By Ashley Dunkak

ALLEN PARK (CBS DETROIT) – Amid positive attention last season for touchdown catches and end zone dances, Detroit Lions tight end Joseph Fauria often got lambasted for a perceived inability to block.

On Monday, Fauria attributed his struggles with blocking to his background.

“I’ll be really blunt with you guys, and you guys can write this – I didn’t block in college,” Fauria said. “I stood up the whole time and I was a slot receiver, an outside receiver. So to be assessed as not being able to block, it isn’t really fair.

“I’m kind of bitter about that because I didn’t have to block,” Fauria added. “When I came here, I did my thing, but yet I was pegged with this certain anomaly that I couldn’t block. But I’ve been working on it and getting better and taking strides forward and going uphill. I don’t plan on going down. I want to keep getting better and better and better, slowly improving here and there. I’m going to just keep proving them wrong. That’s what I always do.”

With his rookie year and a subsequent offseason of work under his belt, Fauria has been blocking better, and he credits the improvement to his coaches and to having as clearer mind to absorb their teaching.

“I’m not worrying about if I’m – doing the numbers game, if I’m going to make the team, or if I‘m going to do this, if I’m going to do this dance, or if I’m going to be able to stretch before practice because I don’t know the schedule because I’m a rookie,” Fauria said. “All those things were kind of messing my brain up a little bit. I wasn’t ready – my first year in the NFL. Now I’m a veteran and I know what to expect and it just comes with me doing my job.”

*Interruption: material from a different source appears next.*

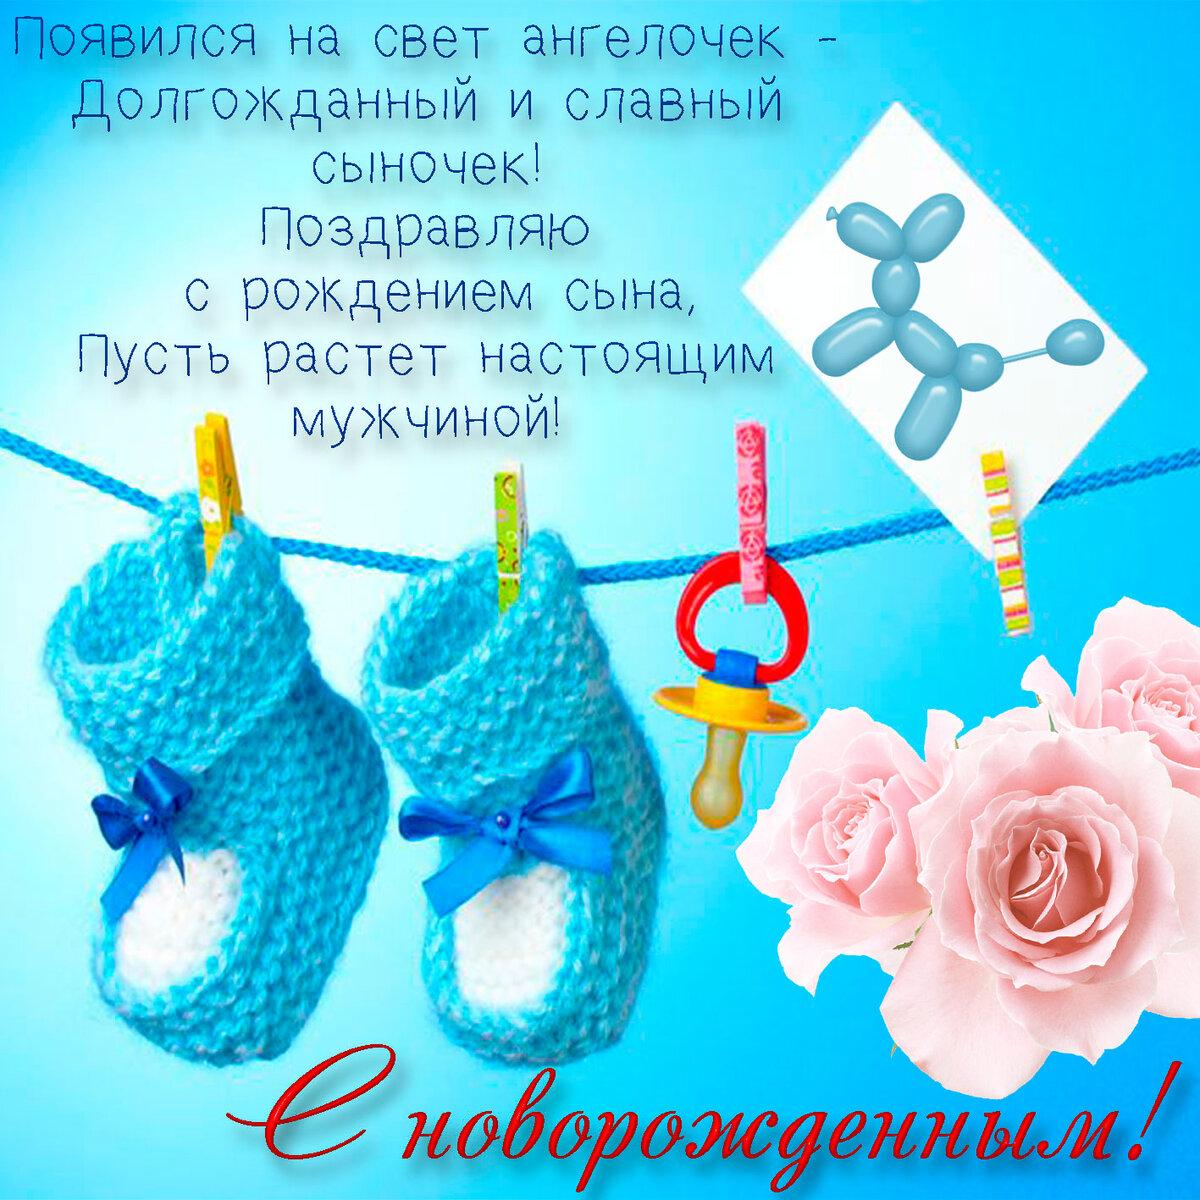 Открытки, блестящие открытки с рождением сына

Fellow Lions tight end Brandon Pettigrew has told reporters Fauria does a better job blocking than people give him credit for. Fauria appreciates – and agrees with – the sentiment, though he noted Pettigrew might be a bit biased because the two are friends.

Fauria knows he has to keep proving himself on the field.

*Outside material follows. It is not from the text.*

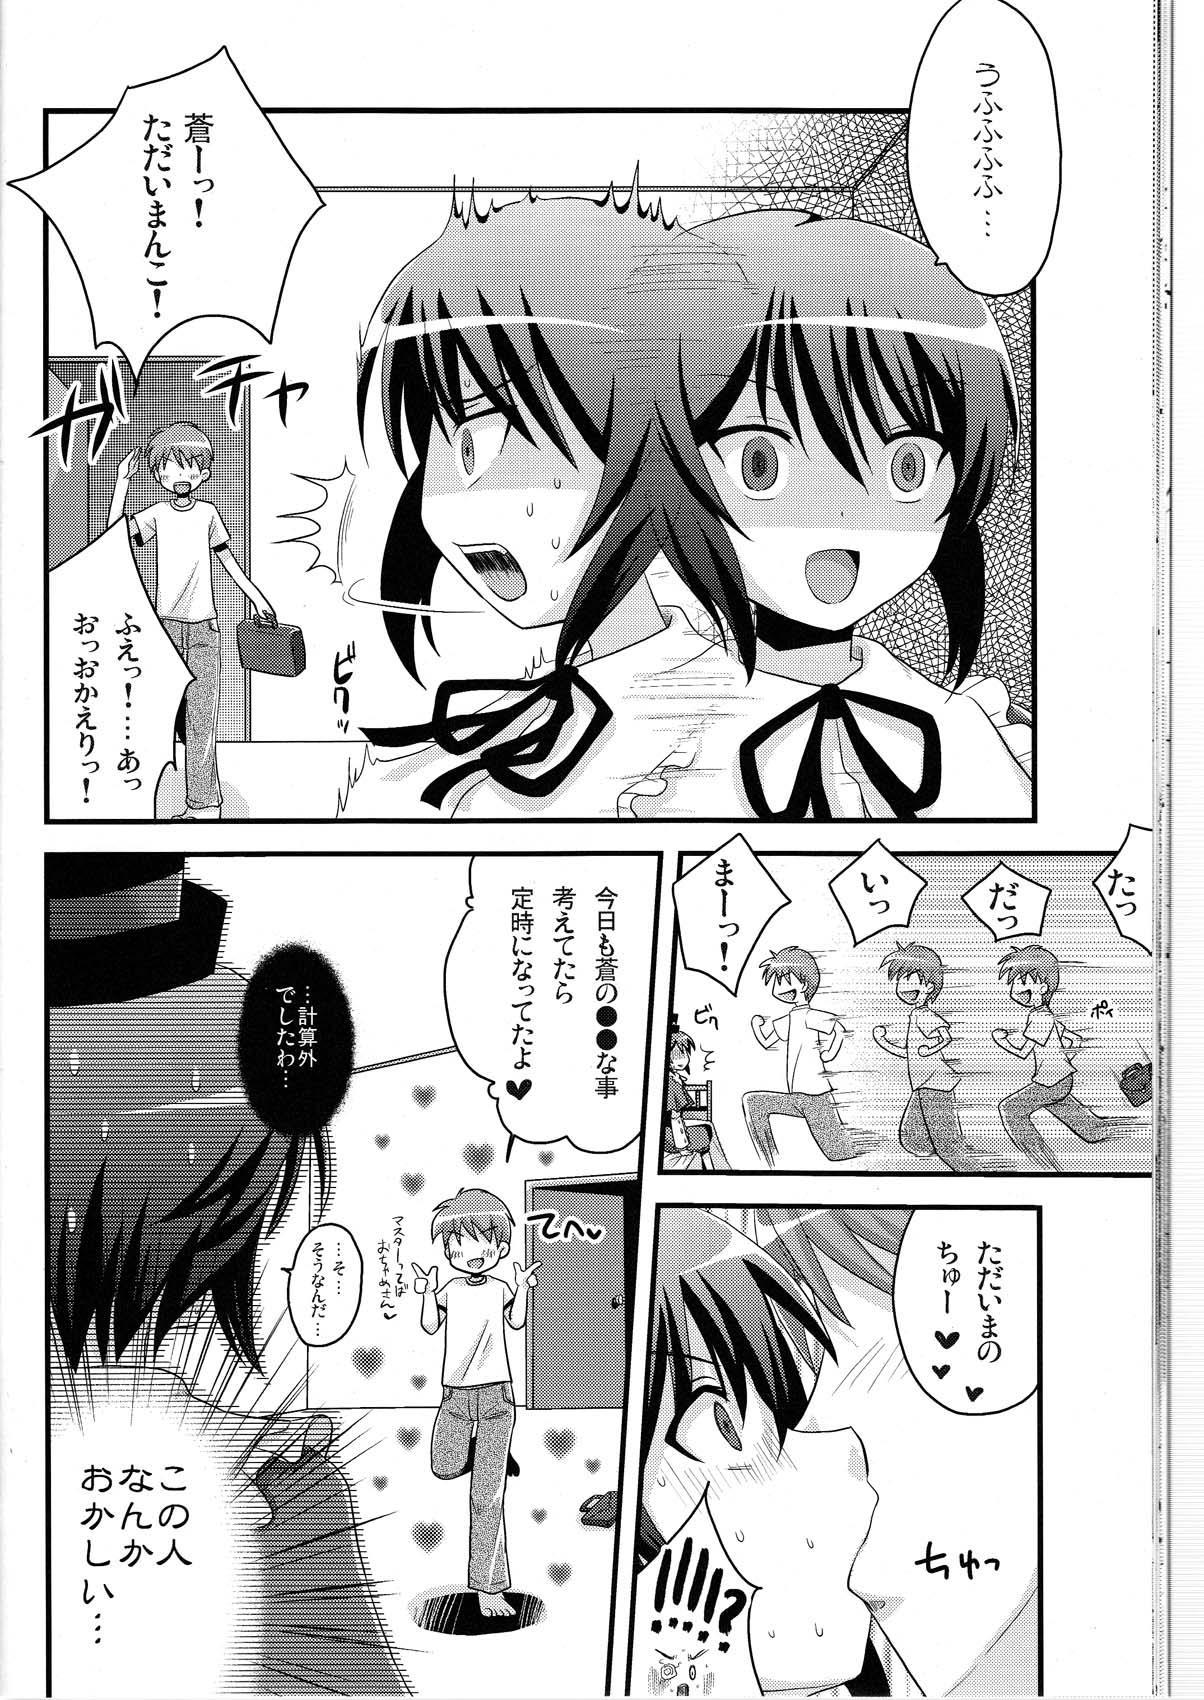 Souseiseki Hokan Keikaku 21

“I’ve got to string those kind of games, those kind of plays together,” Fauria said. “I can’t break the string. I can’t cut the string with a bad block here and there that’s vital to a bad play or something like that. I’ve got to keep it going and keep helping my team win, and whether that’s catching the ball or blocking, I’m going to do so because that’s what’s asked of me.”

Fauria excelled in the red zone in 2013, but his role encompasses more than that, which has challenged him. The challenge, however, is one he is happy to accept.

“I’m out there, I’m being put in different situations that are outside of my strength, which is the red zone, and there might be a smidge of being a little uncomfortable, but that’s what being a pro is, is being put in uncomfortable situations and making them comfortable in the preseason,” Fauria said, “and that’s what the preseason’s for, and earning my coaches’ and teammates’ trust out there. I would assess that [the preseason game] was a job well done. However, there’s a lot of room to improve.”